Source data
⟨
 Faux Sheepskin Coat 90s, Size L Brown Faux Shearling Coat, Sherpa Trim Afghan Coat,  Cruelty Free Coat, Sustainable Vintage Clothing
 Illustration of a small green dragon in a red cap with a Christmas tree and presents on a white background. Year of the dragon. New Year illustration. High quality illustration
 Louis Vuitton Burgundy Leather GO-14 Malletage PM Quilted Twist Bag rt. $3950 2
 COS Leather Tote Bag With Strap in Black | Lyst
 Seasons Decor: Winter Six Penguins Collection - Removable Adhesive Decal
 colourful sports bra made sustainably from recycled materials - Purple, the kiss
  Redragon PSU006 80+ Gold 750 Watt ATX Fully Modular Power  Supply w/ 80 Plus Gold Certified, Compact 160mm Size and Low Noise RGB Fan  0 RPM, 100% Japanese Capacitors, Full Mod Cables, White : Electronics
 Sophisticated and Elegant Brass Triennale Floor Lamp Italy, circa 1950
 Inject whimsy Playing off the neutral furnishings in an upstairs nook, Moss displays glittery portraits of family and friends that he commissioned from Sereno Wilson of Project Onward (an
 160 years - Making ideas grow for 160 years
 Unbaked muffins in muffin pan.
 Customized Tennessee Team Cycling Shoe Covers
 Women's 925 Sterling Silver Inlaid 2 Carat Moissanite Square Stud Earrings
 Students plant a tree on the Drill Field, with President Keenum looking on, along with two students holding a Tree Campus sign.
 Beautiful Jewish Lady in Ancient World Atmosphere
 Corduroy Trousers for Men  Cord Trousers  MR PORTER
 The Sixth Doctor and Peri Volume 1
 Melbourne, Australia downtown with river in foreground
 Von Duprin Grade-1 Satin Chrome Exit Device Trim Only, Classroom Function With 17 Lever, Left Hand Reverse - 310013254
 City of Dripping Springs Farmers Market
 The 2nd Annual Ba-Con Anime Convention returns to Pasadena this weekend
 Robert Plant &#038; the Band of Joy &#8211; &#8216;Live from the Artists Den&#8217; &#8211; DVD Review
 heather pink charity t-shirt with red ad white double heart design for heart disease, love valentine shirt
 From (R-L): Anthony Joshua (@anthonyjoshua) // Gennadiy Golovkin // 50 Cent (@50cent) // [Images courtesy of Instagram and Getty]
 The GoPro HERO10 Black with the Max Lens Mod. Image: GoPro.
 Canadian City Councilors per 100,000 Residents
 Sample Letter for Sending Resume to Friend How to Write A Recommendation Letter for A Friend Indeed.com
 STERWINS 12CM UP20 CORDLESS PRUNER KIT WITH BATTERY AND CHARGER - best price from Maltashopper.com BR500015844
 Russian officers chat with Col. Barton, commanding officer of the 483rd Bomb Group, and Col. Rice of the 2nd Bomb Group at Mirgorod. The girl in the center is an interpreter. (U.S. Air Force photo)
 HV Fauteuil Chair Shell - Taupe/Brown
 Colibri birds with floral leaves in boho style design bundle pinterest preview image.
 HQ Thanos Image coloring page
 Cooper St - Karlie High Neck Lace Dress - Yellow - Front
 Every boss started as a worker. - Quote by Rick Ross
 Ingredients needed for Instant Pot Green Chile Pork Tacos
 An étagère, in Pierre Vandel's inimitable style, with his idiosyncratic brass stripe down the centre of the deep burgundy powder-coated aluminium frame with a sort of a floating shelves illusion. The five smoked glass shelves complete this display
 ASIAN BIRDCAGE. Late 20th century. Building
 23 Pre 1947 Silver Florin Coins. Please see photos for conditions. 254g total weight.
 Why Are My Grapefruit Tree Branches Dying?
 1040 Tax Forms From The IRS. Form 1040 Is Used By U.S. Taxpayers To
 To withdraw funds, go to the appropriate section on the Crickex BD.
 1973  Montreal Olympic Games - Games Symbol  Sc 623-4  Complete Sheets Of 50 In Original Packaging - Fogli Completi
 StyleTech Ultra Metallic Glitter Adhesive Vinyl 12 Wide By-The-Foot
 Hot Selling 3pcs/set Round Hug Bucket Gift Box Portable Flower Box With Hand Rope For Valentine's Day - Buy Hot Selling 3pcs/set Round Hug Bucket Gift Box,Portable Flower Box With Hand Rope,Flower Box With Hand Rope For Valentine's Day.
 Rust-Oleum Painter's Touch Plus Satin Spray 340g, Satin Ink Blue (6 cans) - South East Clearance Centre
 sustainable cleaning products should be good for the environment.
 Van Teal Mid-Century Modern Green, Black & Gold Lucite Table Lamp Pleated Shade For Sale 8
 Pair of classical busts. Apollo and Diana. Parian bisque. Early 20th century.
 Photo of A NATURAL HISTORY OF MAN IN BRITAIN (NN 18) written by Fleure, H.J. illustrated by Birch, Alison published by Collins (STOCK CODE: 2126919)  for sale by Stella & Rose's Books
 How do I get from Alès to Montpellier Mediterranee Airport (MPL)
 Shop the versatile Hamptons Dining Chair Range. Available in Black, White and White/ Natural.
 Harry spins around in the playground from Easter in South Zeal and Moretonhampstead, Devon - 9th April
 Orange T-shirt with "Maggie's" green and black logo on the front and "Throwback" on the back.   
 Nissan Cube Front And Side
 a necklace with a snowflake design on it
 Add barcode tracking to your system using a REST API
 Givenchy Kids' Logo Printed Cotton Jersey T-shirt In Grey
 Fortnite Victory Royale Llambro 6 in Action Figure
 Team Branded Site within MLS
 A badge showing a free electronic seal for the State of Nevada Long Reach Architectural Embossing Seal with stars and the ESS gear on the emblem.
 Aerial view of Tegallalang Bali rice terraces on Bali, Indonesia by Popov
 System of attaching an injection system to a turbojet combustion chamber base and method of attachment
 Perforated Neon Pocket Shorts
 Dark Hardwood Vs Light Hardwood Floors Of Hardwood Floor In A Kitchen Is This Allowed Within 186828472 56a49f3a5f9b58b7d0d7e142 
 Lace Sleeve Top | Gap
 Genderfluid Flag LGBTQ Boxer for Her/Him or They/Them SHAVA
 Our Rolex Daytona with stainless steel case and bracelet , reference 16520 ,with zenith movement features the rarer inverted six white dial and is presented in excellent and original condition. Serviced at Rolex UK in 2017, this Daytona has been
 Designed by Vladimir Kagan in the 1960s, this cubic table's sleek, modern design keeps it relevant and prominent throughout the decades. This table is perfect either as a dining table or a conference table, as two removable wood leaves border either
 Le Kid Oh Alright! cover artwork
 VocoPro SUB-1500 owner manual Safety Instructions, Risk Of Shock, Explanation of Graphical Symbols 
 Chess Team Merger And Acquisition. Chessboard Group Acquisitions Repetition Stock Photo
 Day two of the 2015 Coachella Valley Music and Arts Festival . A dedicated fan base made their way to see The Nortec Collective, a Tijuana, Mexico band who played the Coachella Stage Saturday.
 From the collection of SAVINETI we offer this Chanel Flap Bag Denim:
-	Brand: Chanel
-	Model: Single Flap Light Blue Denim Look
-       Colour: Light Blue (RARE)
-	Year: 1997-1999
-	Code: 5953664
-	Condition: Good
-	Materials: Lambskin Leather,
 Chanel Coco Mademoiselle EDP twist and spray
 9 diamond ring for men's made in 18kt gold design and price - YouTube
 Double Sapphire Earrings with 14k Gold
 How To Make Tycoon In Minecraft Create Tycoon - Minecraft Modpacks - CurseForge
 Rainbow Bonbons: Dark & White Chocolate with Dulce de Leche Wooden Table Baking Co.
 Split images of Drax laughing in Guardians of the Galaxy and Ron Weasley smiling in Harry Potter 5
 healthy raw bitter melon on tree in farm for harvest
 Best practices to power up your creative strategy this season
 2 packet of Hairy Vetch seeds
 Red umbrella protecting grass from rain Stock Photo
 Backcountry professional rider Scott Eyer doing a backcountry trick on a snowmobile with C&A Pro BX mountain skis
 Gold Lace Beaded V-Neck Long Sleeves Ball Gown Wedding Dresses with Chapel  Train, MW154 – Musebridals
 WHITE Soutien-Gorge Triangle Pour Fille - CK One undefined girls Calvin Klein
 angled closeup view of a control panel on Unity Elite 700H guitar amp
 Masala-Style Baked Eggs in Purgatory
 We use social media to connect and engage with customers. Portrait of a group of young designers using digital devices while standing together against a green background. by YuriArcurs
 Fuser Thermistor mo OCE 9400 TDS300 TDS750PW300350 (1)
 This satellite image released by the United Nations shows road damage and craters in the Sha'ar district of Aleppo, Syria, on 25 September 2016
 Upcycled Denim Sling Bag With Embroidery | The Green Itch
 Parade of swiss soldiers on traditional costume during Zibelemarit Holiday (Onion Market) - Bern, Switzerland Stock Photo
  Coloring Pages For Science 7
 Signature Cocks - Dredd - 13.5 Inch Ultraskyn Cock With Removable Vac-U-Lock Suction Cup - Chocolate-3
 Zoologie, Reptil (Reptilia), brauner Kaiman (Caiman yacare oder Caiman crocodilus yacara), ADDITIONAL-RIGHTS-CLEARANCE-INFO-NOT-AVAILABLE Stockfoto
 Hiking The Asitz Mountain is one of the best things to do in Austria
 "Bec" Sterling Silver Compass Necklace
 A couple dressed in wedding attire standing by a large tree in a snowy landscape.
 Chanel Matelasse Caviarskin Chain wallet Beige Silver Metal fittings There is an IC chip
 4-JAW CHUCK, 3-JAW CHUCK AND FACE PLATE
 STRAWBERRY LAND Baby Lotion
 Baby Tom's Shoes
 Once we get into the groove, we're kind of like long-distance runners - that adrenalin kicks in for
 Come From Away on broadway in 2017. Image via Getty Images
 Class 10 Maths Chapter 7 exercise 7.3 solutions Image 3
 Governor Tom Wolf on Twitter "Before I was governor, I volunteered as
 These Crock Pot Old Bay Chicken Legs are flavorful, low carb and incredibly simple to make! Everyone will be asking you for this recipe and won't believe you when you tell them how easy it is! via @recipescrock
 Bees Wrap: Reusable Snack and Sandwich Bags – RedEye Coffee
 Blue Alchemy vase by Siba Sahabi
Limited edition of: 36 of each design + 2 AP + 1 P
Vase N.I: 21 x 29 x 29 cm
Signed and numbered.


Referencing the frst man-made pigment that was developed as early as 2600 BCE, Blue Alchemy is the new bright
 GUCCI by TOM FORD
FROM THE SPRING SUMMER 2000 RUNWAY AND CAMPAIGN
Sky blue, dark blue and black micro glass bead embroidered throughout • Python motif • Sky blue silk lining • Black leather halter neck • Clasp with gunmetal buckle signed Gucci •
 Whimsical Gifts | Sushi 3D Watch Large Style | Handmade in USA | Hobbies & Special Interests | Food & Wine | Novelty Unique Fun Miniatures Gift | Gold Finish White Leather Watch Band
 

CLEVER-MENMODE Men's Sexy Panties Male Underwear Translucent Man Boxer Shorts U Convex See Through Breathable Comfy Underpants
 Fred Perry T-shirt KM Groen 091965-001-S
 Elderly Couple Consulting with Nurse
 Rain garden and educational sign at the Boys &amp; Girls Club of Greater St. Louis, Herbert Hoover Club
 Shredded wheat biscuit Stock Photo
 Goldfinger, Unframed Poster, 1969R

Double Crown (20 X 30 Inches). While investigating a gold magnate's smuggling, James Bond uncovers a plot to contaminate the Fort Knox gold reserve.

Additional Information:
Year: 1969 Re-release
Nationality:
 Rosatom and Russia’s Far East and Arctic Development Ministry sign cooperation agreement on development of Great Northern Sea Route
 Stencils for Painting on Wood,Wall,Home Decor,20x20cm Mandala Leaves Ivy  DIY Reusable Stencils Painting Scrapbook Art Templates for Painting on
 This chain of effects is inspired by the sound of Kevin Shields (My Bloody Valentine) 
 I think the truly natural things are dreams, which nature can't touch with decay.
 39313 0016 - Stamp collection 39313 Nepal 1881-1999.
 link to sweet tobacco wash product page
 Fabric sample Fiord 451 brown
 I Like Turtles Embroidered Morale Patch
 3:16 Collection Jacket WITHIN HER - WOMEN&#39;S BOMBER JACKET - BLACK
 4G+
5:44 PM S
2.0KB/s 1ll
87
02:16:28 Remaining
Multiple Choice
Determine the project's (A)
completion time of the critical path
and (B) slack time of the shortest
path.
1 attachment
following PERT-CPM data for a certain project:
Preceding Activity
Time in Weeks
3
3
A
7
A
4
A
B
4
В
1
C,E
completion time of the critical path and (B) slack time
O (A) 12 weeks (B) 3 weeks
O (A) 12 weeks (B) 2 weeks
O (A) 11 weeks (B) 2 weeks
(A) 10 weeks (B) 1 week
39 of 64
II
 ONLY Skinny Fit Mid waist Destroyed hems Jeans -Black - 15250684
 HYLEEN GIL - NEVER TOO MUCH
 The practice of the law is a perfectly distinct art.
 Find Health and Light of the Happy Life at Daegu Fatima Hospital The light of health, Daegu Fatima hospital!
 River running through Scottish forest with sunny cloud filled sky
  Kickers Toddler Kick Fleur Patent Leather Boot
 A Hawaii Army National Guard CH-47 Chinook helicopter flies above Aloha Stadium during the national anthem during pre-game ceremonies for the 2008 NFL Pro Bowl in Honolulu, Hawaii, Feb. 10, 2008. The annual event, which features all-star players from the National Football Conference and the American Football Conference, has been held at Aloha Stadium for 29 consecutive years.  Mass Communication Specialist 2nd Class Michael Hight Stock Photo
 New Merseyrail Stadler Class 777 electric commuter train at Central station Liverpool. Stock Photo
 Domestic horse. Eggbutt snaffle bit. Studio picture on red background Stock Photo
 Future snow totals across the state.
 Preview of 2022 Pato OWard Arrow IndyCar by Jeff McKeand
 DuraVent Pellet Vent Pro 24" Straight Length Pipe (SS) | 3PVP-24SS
⟩
-- Work item --
Within the data above, the lines from the one with "Rust-Oleum Painter's Touch" to the one with "How do I get" must be repeated exactly; no other line belongs in the answer.

-- Answer for the task --
 Rust-Oleum Painter's Touch Plus Satin Spray 340g, Satin Ink Blue (6 cans) - South East Clearance Centre
 sustainable cleaning products should be good for the environment.
 Van Teal Mid-Century Modern Green, Black & Gold Lucite Table Lamp Pleated Shade For Sale 8
 Pair of classical busts. Apollo and Diana. Parian bisque. Early 20th century.
 Photo of A NATURAL HISTORY OF MAN IN BRITAIN (NN 18) written by Fleure, H.J. illustrated by Birch, Alison published by Collins (STOCK CODE: 2126919)  for sale by Stella & Rose's Books
 How do I get from Alès to Montpellier Mediterranee Airport (MPL)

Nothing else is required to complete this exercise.